### Exercise objective
Please return the lines below verbatim, beginning at the one that has "Authentic Vivienne Westwood" and stopping after the one that has "Try the video", and add no other lines.

Records contained in a dataset:
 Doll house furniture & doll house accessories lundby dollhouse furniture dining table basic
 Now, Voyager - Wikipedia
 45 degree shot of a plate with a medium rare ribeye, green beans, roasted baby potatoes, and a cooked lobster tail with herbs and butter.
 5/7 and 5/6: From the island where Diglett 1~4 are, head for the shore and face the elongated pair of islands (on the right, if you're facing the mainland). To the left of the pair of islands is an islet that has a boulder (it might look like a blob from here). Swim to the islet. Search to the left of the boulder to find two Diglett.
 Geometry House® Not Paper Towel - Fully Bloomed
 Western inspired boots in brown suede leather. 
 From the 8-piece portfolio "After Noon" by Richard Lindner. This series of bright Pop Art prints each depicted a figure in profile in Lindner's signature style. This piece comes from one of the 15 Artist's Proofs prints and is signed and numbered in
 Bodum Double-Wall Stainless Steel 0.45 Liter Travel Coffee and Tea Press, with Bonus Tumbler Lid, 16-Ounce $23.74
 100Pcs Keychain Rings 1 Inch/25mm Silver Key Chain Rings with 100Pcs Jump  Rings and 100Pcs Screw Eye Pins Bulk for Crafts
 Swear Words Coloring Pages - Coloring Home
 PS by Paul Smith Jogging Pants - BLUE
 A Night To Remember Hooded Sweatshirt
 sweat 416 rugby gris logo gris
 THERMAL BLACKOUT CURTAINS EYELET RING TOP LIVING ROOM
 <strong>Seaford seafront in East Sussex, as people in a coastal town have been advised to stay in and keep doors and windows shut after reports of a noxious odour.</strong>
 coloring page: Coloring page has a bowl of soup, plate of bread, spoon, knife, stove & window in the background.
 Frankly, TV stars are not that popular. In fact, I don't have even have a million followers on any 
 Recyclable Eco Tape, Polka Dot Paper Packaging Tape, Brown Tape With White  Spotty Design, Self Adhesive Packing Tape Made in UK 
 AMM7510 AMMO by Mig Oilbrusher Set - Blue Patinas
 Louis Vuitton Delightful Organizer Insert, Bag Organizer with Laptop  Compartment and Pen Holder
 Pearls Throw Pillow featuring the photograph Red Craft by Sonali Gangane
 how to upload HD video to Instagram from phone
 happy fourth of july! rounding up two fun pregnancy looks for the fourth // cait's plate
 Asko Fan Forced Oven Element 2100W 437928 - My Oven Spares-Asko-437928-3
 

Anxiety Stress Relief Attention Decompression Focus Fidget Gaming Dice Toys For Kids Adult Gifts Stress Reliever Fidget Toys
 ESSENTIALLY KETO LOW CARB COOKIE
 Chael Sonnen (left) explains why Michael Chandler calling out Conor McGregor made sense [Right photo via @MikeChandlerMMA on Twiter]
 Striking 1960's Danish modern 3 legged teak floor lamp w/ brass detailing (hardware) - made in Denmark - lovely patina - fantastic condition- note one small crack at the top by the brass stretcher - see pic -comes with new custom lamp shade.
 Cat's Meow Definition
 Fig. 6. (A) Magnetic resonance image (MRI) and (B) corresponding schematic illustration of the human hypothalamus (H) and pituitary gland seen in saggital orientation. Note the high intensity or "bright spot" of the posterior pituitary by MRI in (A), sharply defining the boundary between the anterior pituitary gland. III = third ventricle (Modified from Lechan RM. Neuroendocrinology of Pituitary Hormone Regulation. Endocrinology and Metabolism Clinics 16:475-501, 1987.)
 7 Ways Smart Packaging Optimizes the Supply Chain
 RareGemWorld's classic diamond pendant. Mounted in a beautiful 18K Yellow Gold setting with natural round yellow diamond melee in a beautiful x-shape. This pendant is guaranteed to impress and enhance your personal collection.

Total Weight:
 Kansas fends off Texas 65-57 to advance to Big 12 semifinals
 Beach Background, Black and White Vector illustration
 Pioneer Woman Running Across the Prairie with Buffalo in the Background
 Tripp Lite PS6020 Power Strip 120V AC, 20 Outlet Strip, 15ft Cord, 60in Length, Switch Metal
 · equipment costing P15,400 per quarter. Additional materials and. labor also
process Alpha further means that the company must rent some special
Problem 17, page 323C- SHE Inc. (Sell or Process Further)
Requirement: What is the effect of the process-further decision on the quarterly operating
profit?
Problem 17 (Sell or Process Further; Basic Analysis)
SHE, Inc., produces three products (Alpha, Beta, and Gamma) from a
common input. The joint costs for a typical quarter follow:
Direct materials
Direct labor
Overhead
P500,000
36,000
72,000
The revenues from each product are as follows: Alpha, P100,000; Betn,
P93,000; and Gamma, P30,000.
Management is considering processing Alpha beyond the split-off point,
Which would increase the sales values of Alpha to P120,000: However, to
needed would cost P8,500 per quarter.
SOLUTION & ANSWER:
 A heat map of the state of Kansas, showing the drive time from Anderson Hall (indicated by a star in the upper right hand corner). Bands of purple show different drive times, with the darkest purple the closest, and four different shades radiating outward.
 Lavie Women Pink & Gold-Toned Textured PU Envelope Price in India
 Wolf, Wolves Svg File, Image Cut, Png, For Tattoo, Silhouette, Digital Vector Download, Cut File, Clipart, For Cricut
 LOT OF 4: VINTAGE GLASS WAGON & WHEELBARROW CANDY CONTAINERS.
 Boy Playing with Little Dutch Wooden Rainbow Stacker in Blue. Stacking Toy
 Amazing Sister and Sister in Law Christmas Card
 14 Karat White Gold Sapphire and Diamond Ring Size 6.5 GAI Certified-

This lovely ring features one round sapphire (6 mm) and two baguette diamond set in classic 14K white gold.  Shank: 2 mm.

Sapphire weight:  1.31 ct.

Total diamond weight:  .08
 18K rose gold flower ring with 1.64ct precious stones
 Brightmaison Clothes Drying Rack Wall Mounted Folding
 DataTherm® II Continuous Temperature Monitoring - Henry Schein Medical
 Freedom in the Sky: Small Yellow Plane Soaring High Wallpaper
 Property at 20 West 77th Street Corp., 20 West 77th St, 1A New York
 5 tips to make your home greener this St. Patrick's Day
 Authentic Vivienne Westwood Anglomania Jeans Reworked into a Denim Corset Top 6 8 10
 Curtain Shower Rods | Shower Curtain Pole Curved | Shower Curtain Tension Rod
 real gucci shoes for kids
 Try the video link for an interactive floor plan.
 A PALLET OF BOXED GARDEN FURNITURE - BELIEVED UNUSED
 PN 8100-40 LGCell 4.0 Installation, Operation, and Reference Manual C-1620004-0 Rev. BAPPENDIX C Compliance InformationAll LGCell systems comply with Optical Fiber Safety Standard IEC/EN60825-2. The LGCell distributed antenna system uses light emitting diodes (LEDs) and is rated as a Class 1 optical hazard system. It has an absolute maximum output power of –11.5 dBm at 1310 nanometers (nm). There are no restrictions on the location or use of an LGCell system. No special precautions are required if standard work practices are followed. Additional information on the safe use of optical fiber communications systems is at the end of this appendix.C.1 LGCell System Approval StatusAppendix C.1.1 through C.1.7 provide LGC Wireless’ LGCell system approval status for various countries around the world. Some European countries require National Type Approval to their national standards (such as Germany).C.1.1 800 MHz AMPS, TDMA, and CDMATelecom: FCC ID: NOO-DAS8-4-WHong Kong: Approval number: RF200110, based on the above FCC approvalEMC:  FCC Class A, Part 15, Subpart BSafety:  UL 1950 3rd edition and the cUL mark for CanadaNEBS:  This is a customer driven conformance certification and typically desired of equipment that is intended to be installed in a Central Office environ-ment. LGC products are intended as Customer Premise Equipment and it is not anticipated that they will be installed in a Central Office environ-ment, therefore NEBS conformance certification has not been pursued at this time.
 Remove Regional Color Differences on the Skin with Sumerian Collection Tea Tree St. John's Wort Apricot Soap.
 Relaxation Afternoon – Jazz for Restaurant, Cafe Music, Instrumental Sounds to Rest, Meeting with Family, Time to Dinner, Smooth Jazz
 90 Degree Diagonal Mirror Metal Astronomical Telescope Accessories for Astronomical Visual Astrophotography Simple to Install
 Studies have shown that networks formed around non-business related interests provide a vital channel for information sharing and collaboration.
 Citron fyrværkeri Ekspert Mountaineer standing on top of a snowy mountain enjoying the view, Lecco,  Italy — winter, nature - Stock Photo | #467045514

### Answer area
 Authentic Vivienne Westwood Anglomania Jeans Reworked into a Denim Corset Top 6 8 10
 Curtain Shower Rods | Shower Curtain Pole Curved | Shower Curtain Tension Rod
 real gucci shoes for kids
 Try the video link for an interactive floor plan.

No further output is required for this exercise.